**Information shown:**
%%

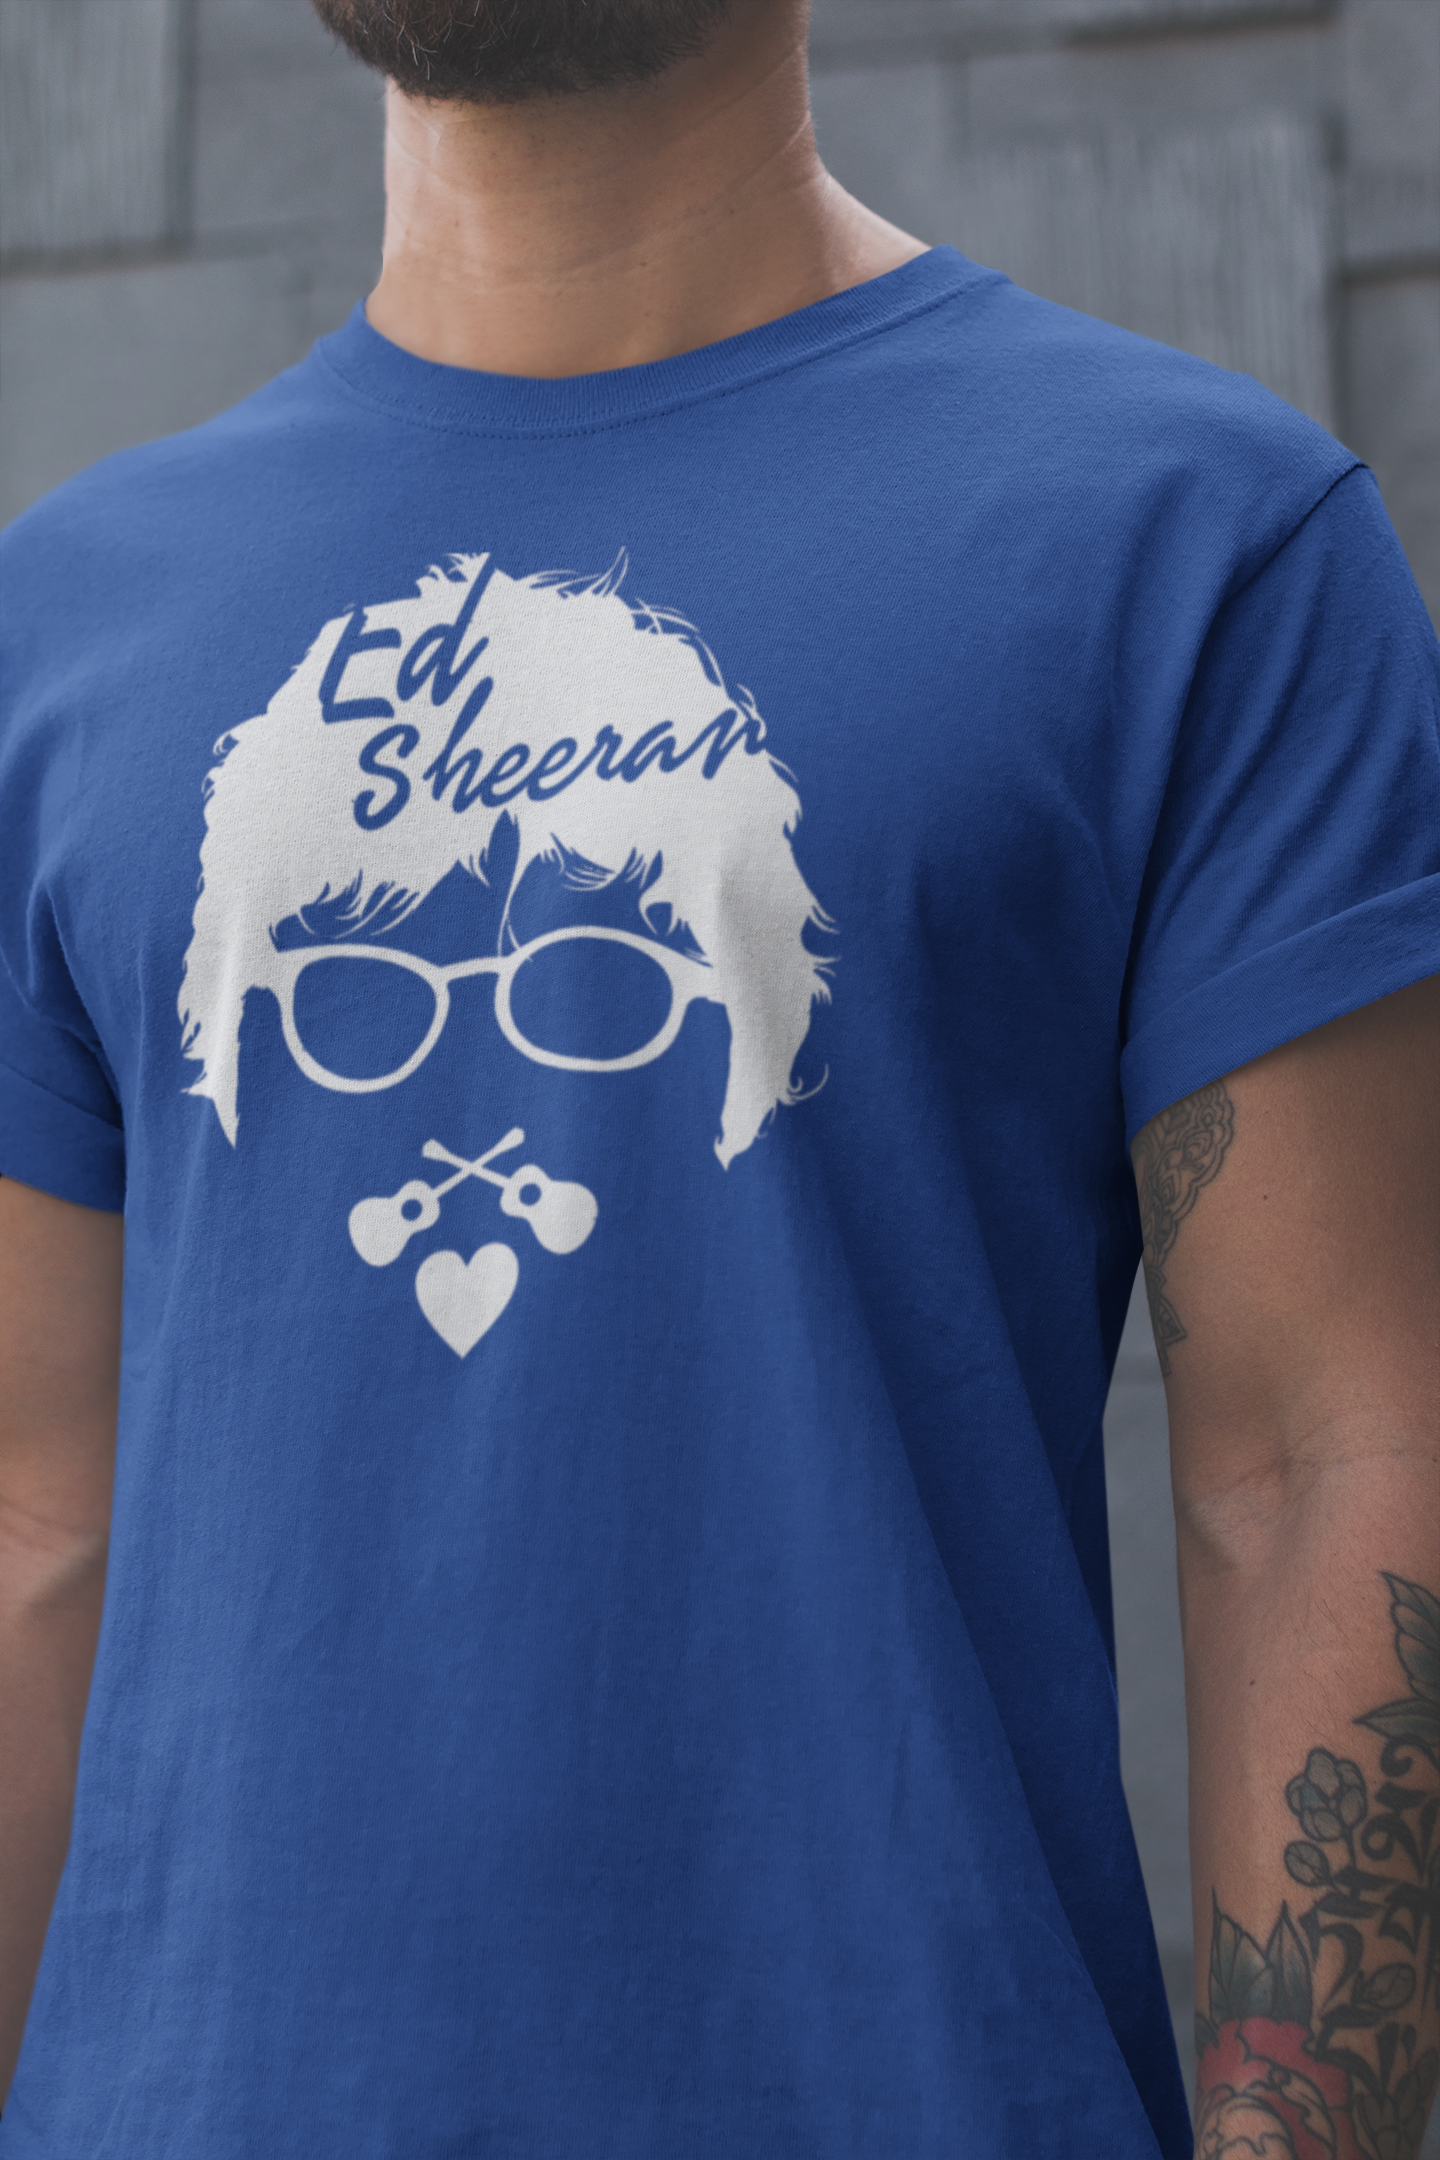 Camiseta "Ed Sheeran" Clássica - Música
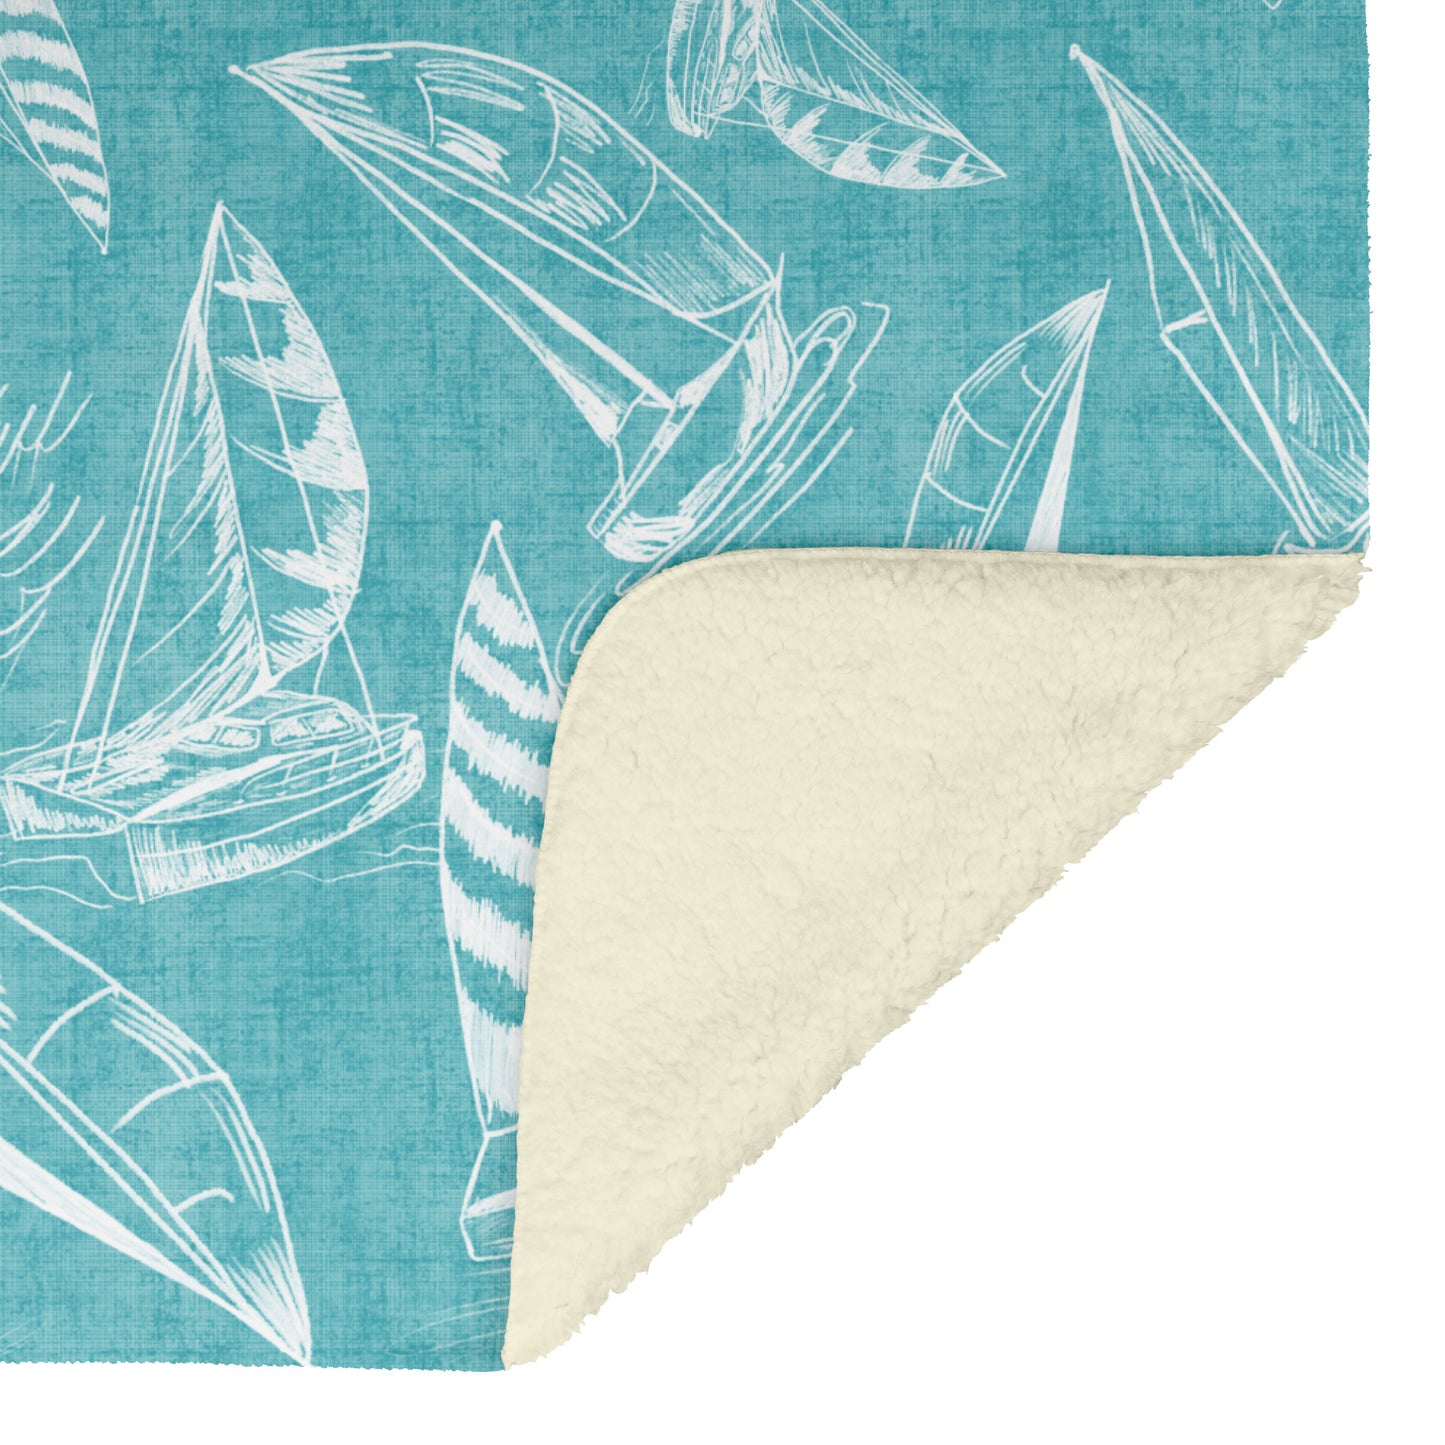 Sailboat Sketches on Teal Linen Texture Background, Fleece Blanket
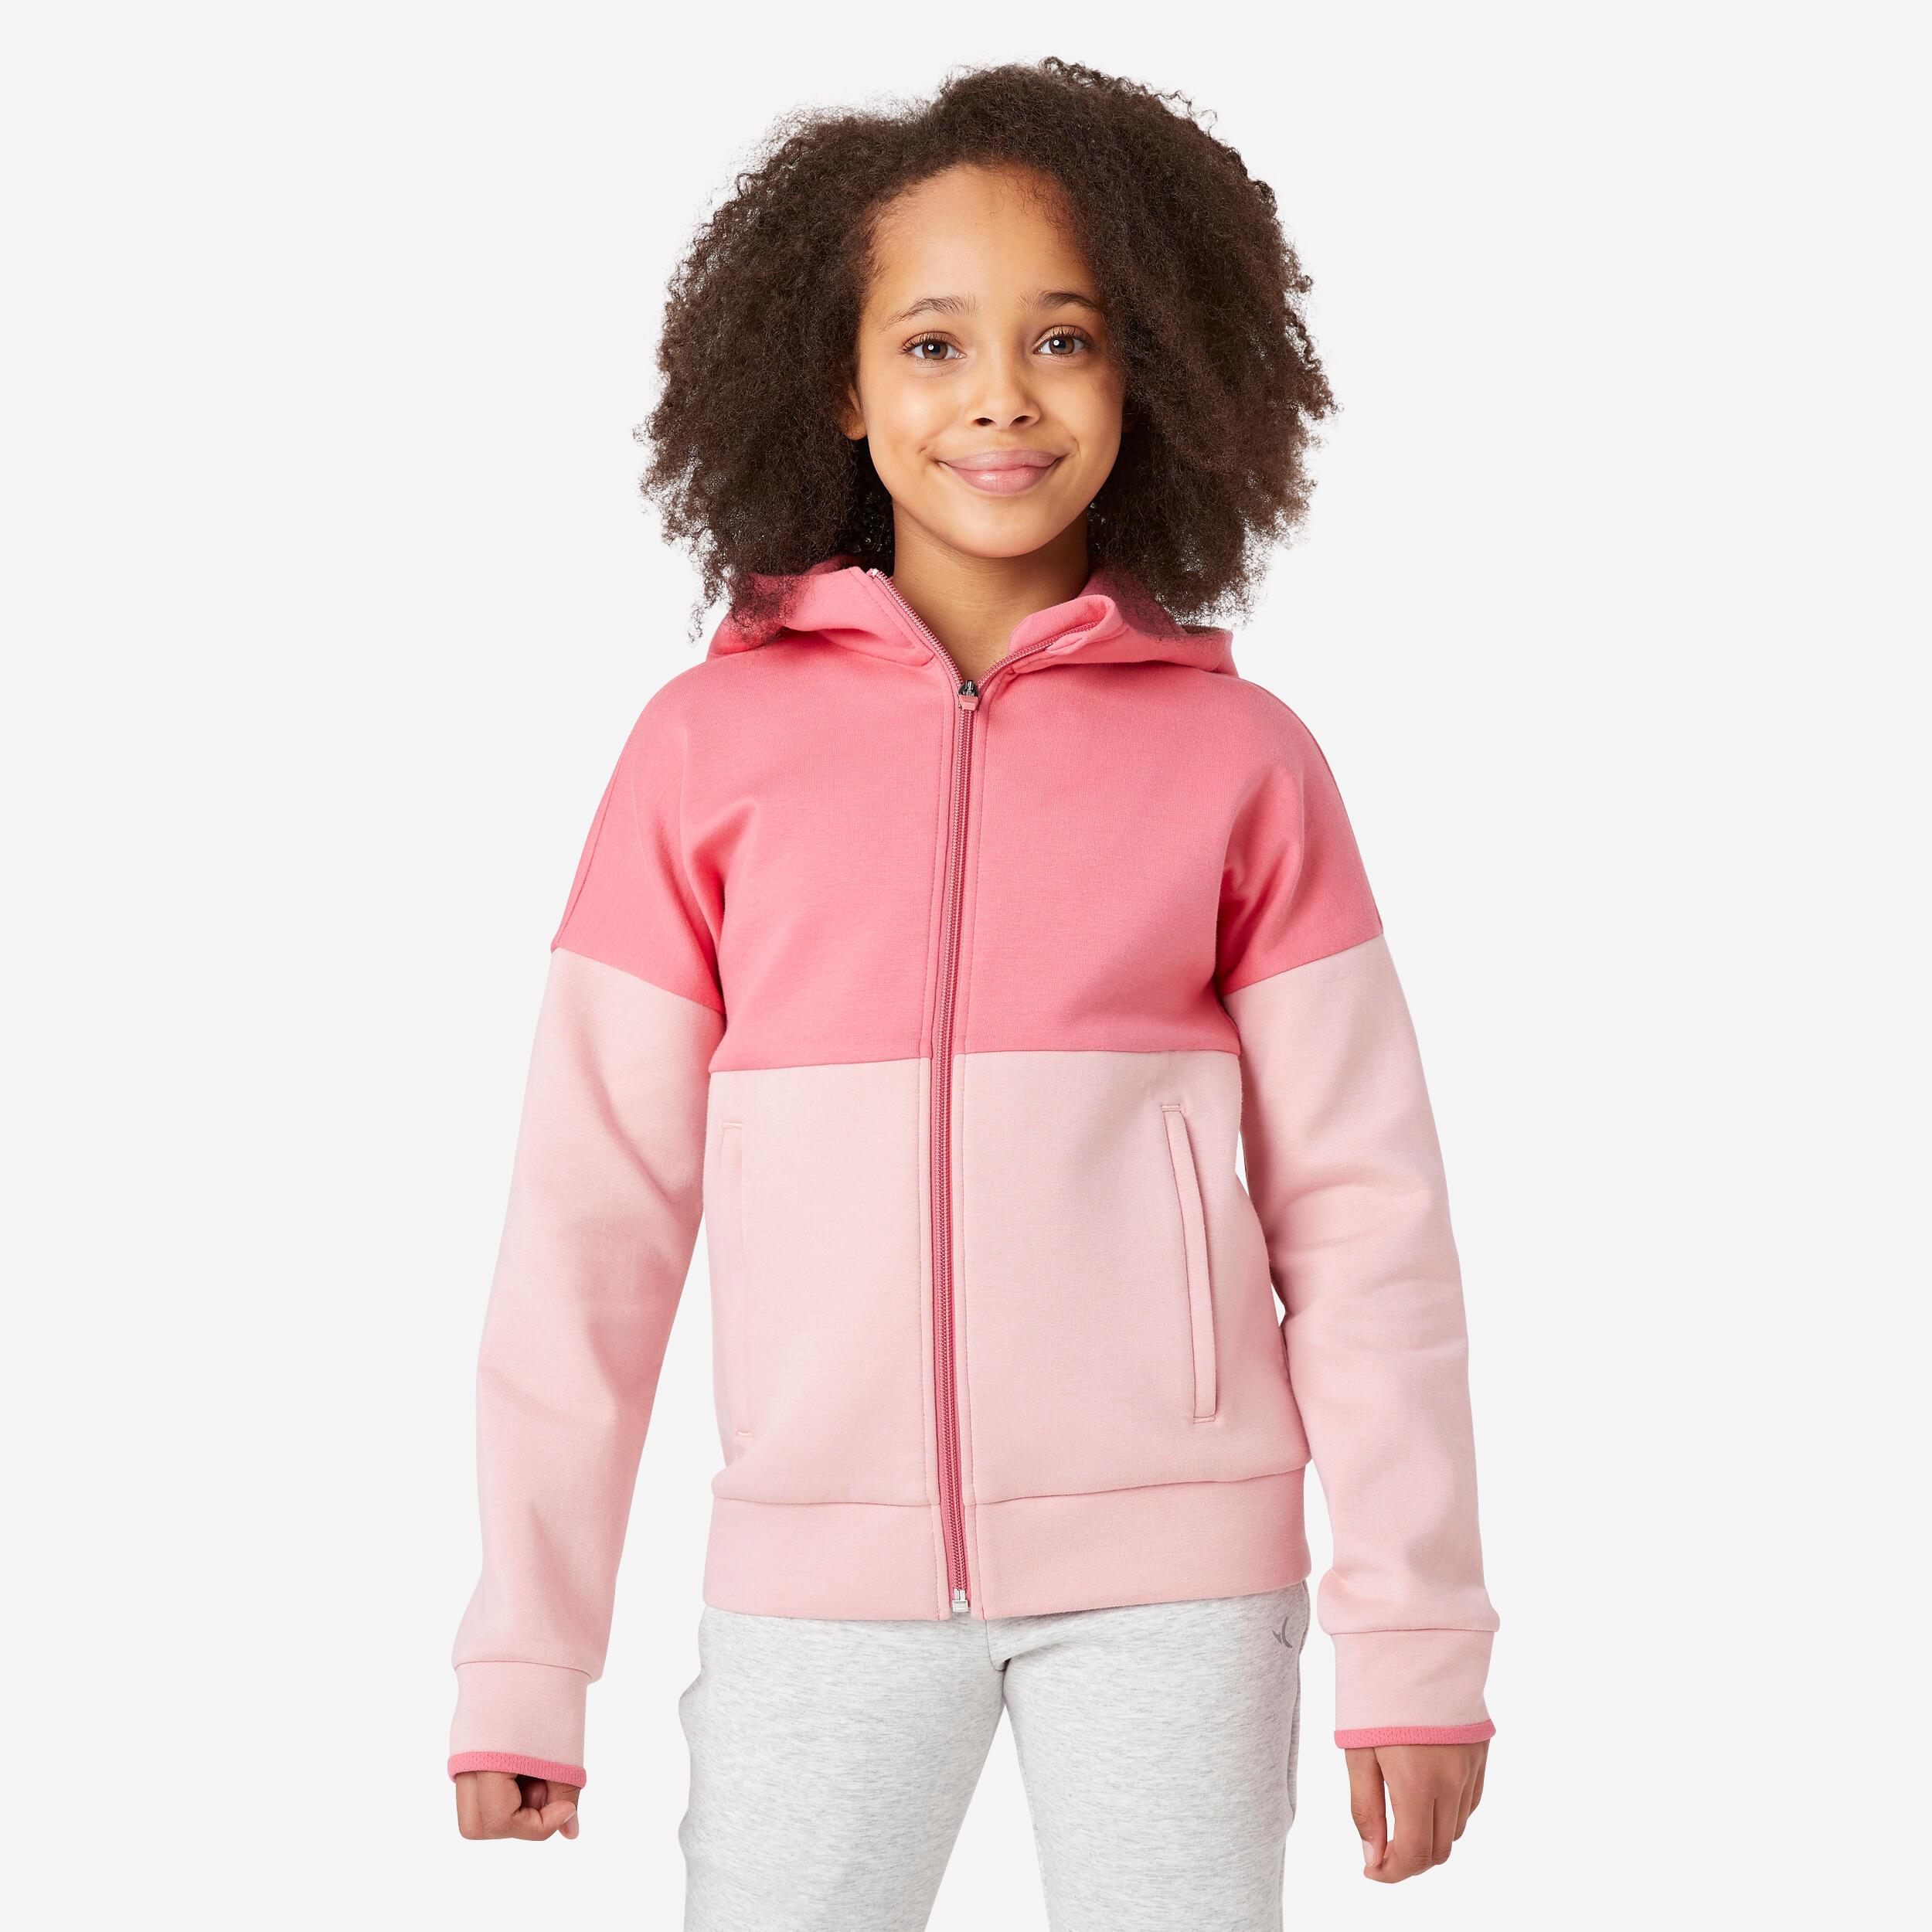 Kids' Breathable Zip-Up Cotton Hoodie 900 - Pink 1/6

%%

**Work required:** Write out the data once more exactly, omitting the pictures.

**Solution for this task:**
 Camiseta "Ed Sheeran" Clássica - Música
 Sailboat Sketches on Teal Linen Texture Background, Fleece Blanket
 Kids' Breathable Zip-Up Cotton Hoodie 900 - Pink 1/6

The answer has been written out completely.